Les apocalypses, ça a toujours été un sujet sensible. Il y a ceux qui y croient, à la fureur de dieu, et ceux qui en rient, parce que ce genre de choses, ça se passe que dans votre tête et nul part ailleurs. Anaïs, elle faisait partie de ceux qui trouvaient cette fascination morbide plutôt drôle. Les paysages dévastés, les villes abandonnées, la nature qui reprend le dessus sur les débris de leur petit monde trop confortable, et puis beaucoup de morts. C'est toujours le même schéma, un copier-coller grossier avec des personnages différents et des explications tirées par les cheveux, mais tout le monde s'en fichait parce que c'est l'idée de destruction qui était intéressante. Comme si, du jour au lendemain, on pouvait être arraché à notre quotidien tranquille et être expédiés dans un univers alternatif, sans aucun repère, avec un pauvre sac à dos et quelques gourdes. Au final, ce n'est pas si drôle que ça, Anaïs avait bien dû se rendre à l'évidence. Et c'est beaucoup plus dur que dans les films.

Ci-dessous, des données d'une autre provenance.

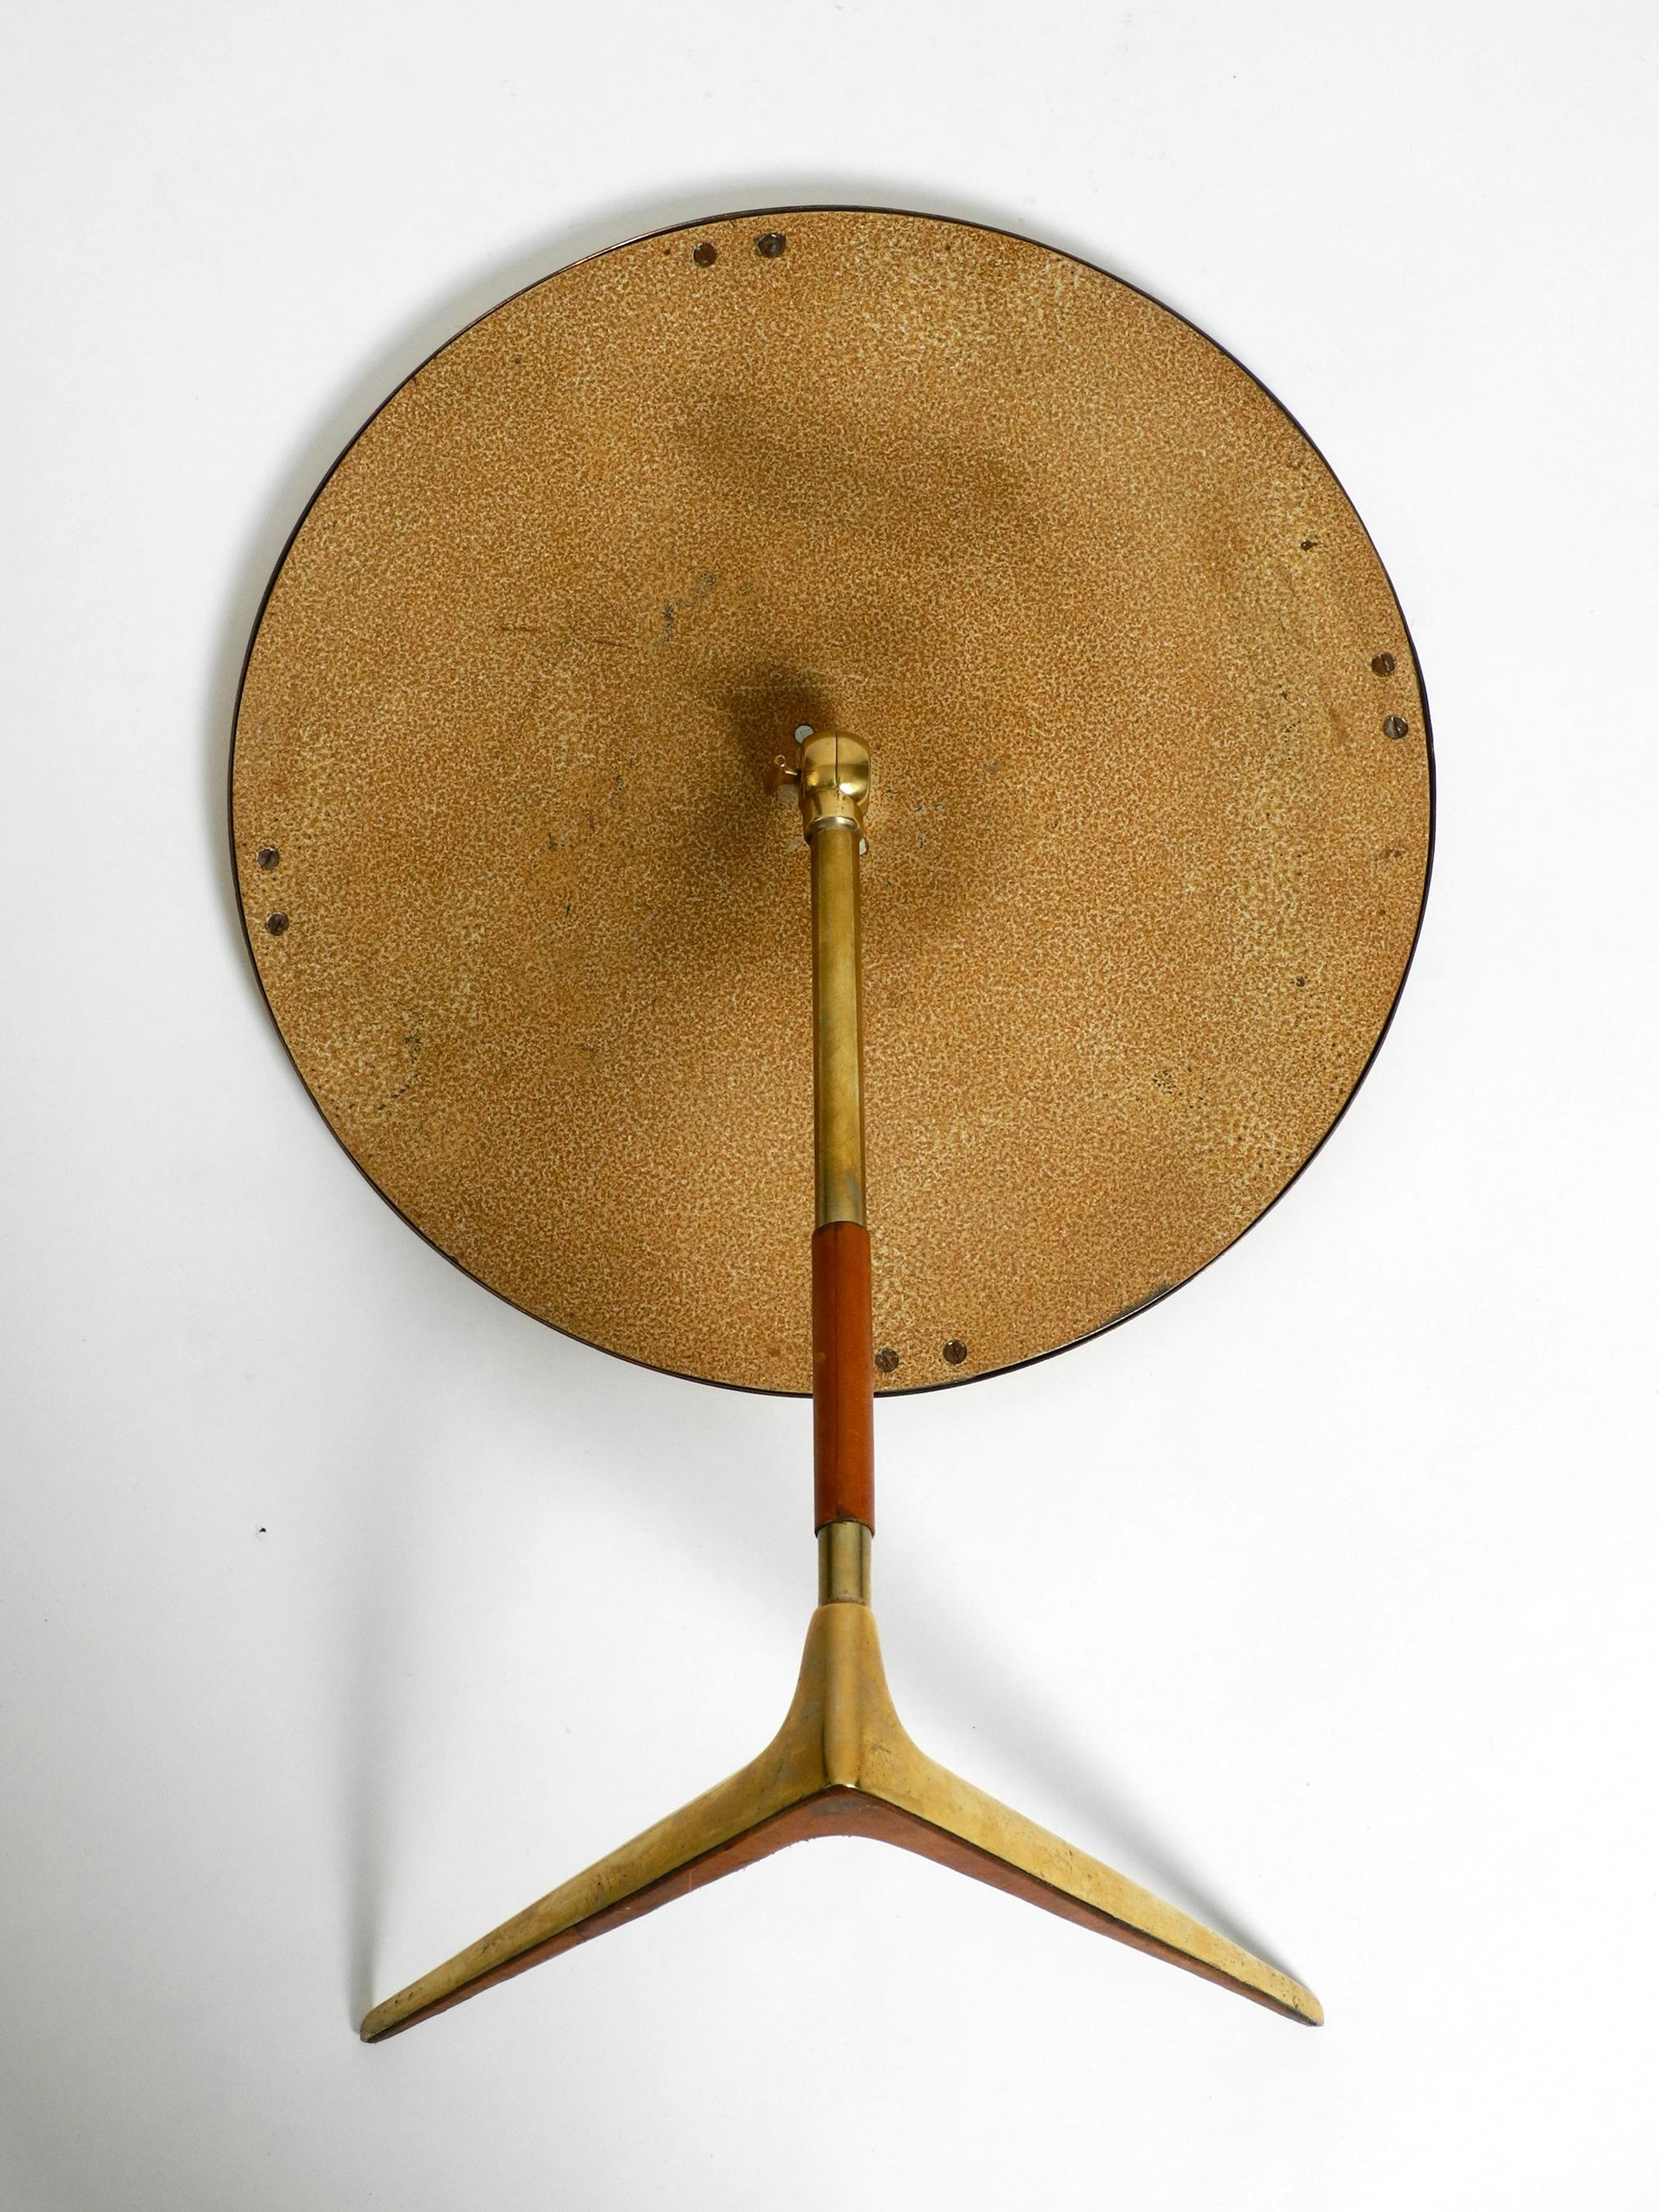 Large Italian Midcentury Crow's Foot Table Mirror Made of Brass and Leather 6

On ne l'avait jamais préparée à cette éventualité. C'est vrai quoi, elle avait étudié Aristote et les lois binomiales mais il n'y avait pas eu de cours « Comment survivre à une apocalypse de zombies » dans son programme. Elle se souvient avoir appelé son frère, le même jour, et sa voix avait tremblé au point où elle n'avait pas réussi à lui dire de ne surtout pas ouvrir la porte. Le lendemain, lui et Elizabeth étaient censés retourner sur l'île, et ils avaient passé la semaine dans un joli hôtel pas très loin de l'appartement. En fait, elle avait espéré qu'il lui dise de ne pas s'inquiéter, qu'elle s'était trompée et que ce n'était pas grand-chose, que ça passerait. Mais en fait, il lui avait juste dit de ne pas bouger de là tant qu'il ne l'appellerait pas et de faire attention à elle, avant de raccrocher.

Quelques jours plus tard, il avait rappelé. Faut qu'on bouge Anaïs putain faut qu'on s'casse d'ici, dis à Cliff de prendre ses affaires on vient vous chercher.
Peut-être qu'Andrew avait été atteint par l'hystérie générale et qu'il avait cru que son rêve ridicule de devenir protagoniste de sa série préférée s'était enfin réalisé, aujourd'hui elle se dit que c'est probablement ça qui les a sauvés.
C'est étrange parce qu'il n'a jamais eu la carrure d'un chef de groupe. Il est impulsif, Andrew, il ne se contrôle pas et n'a jamais été très bon lorsqu'il s'agissait de prendre des décisions. Il faut dire que ça lui est tombé dessus sans prévenir, et que de toute manière il n'a pas vraiment eu le choix.

Au final, ça avait l'air de bien marcher. Ça fait un an et ils sont toujours là. Il y a eu beaucoup de morts, oui mais ils sont toujours là.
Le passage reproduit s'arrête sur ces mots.